*Your objective*: Drop every picture, then print the rest of the listing exactly as given.

*Stored data*:
BEGIN

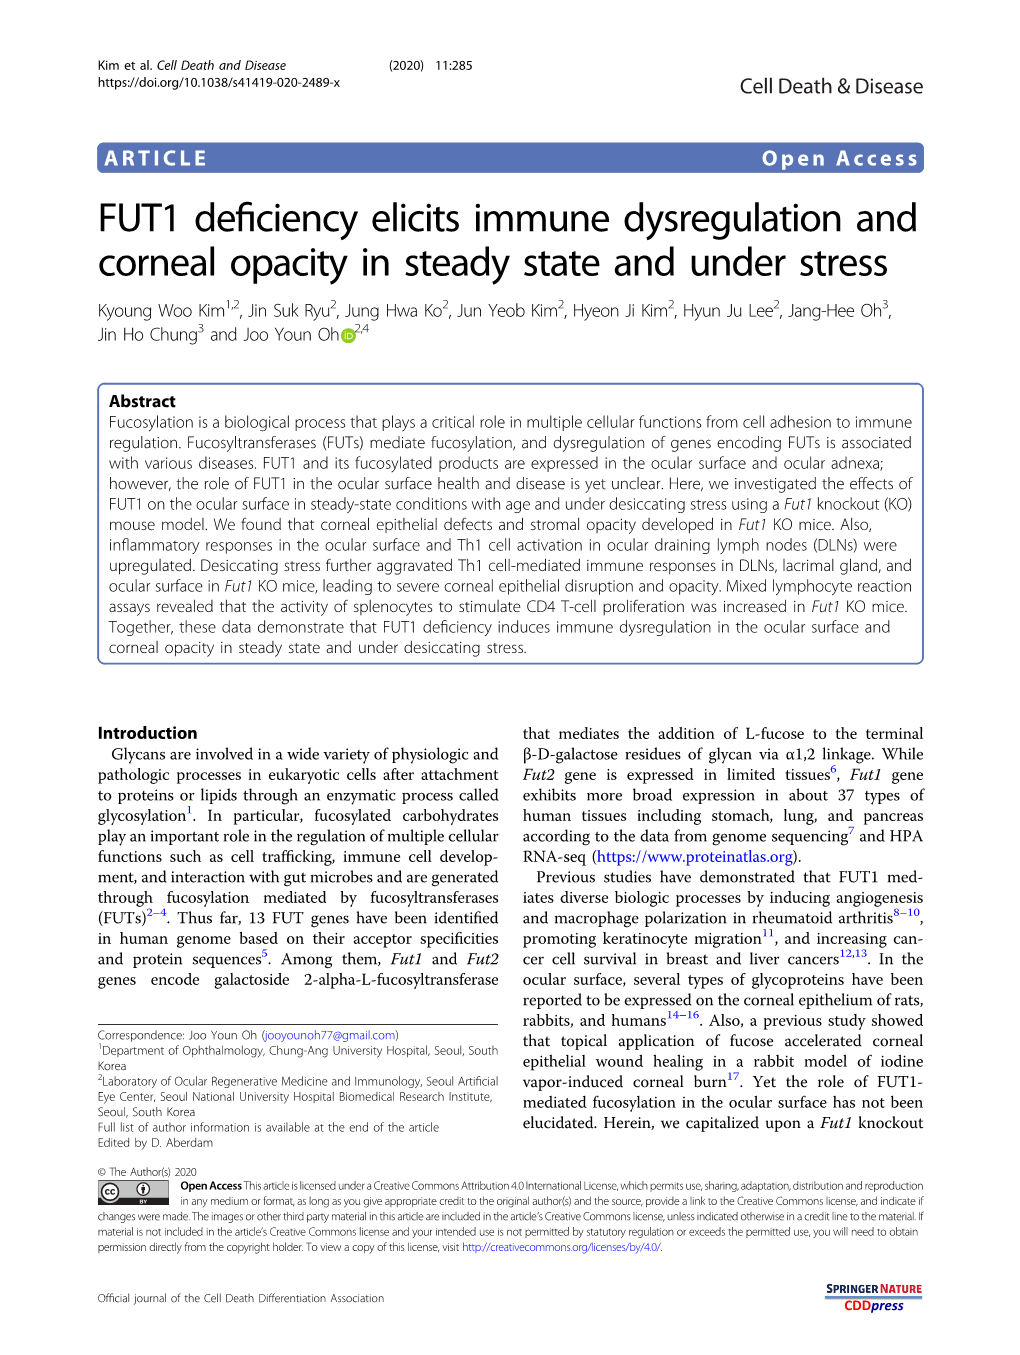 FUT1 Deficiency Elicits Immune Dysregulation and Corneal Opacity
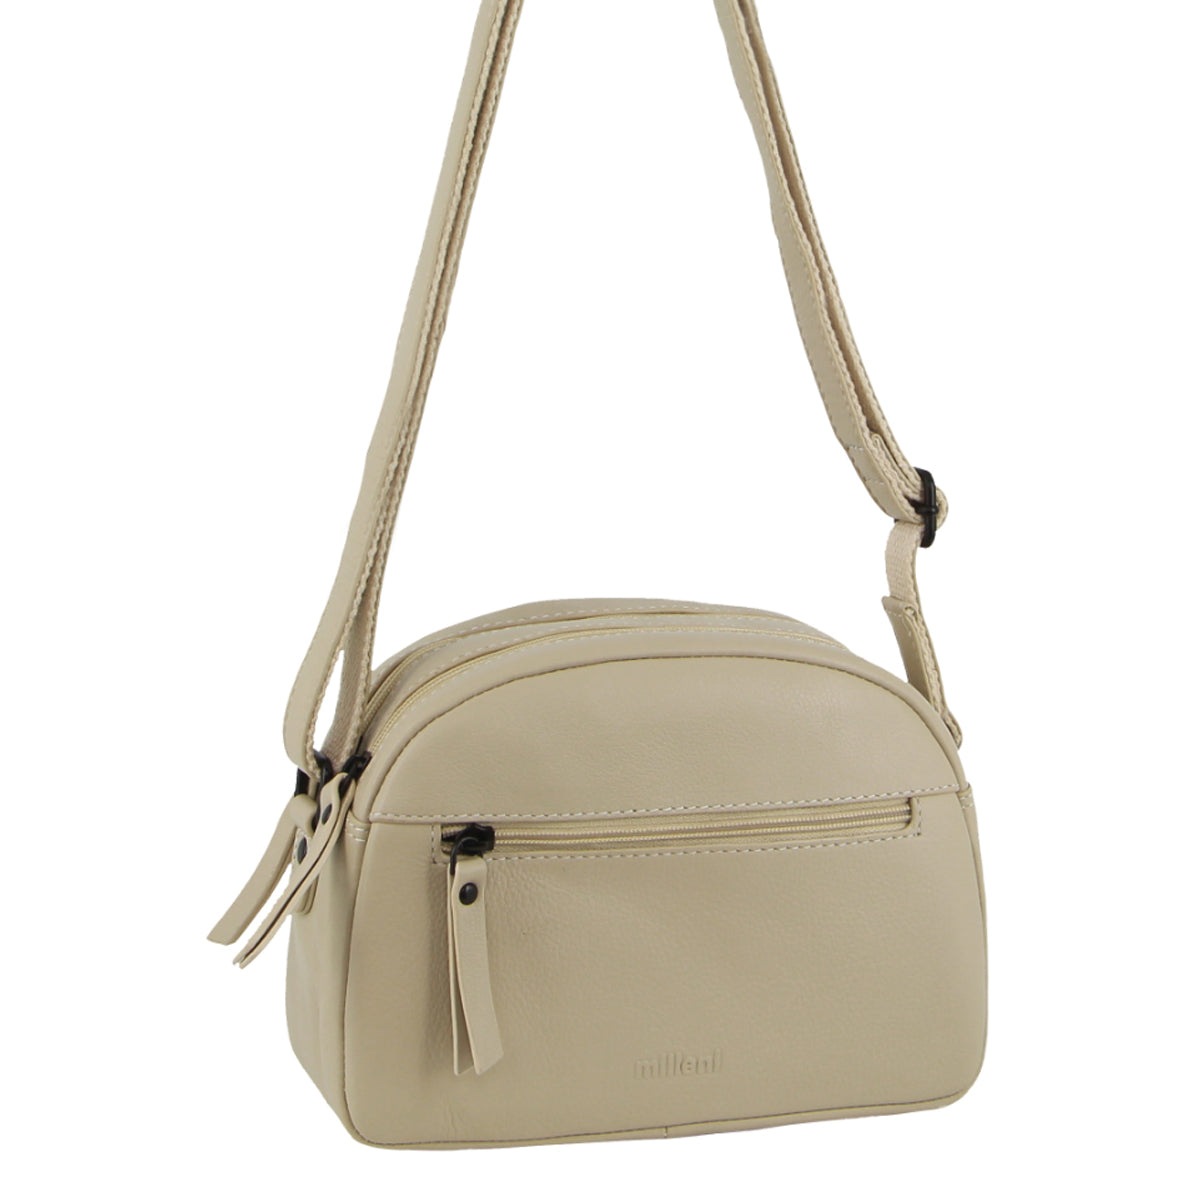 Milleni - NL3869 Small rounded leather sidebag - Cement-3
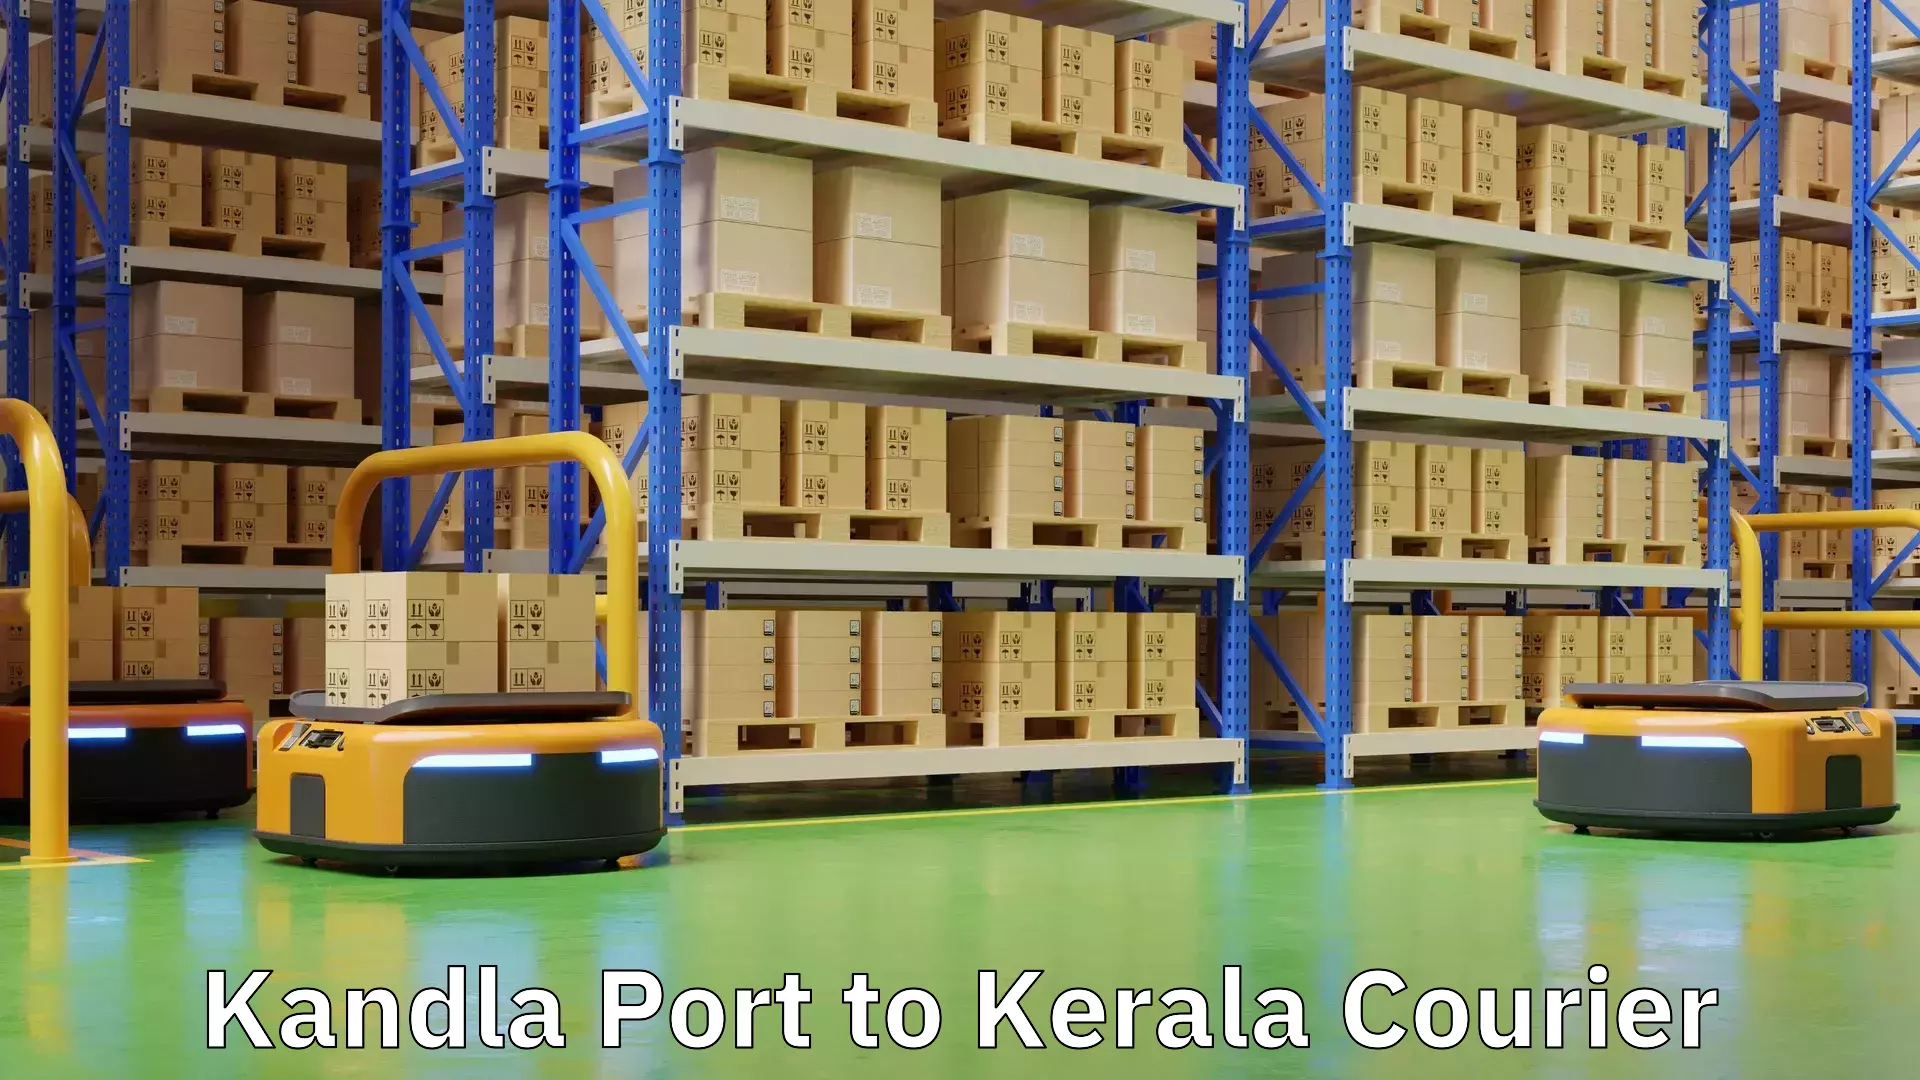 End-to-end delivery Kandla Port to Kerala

END

*Solution to this problem*:
 FUT1 Deficiency Elicits Immune Dysregulation and Corneal Opacity
 Milleni - NL3869 Small rounded leather sidebag - Cement-3
 End-to-end delivery Kandla Port to Kerala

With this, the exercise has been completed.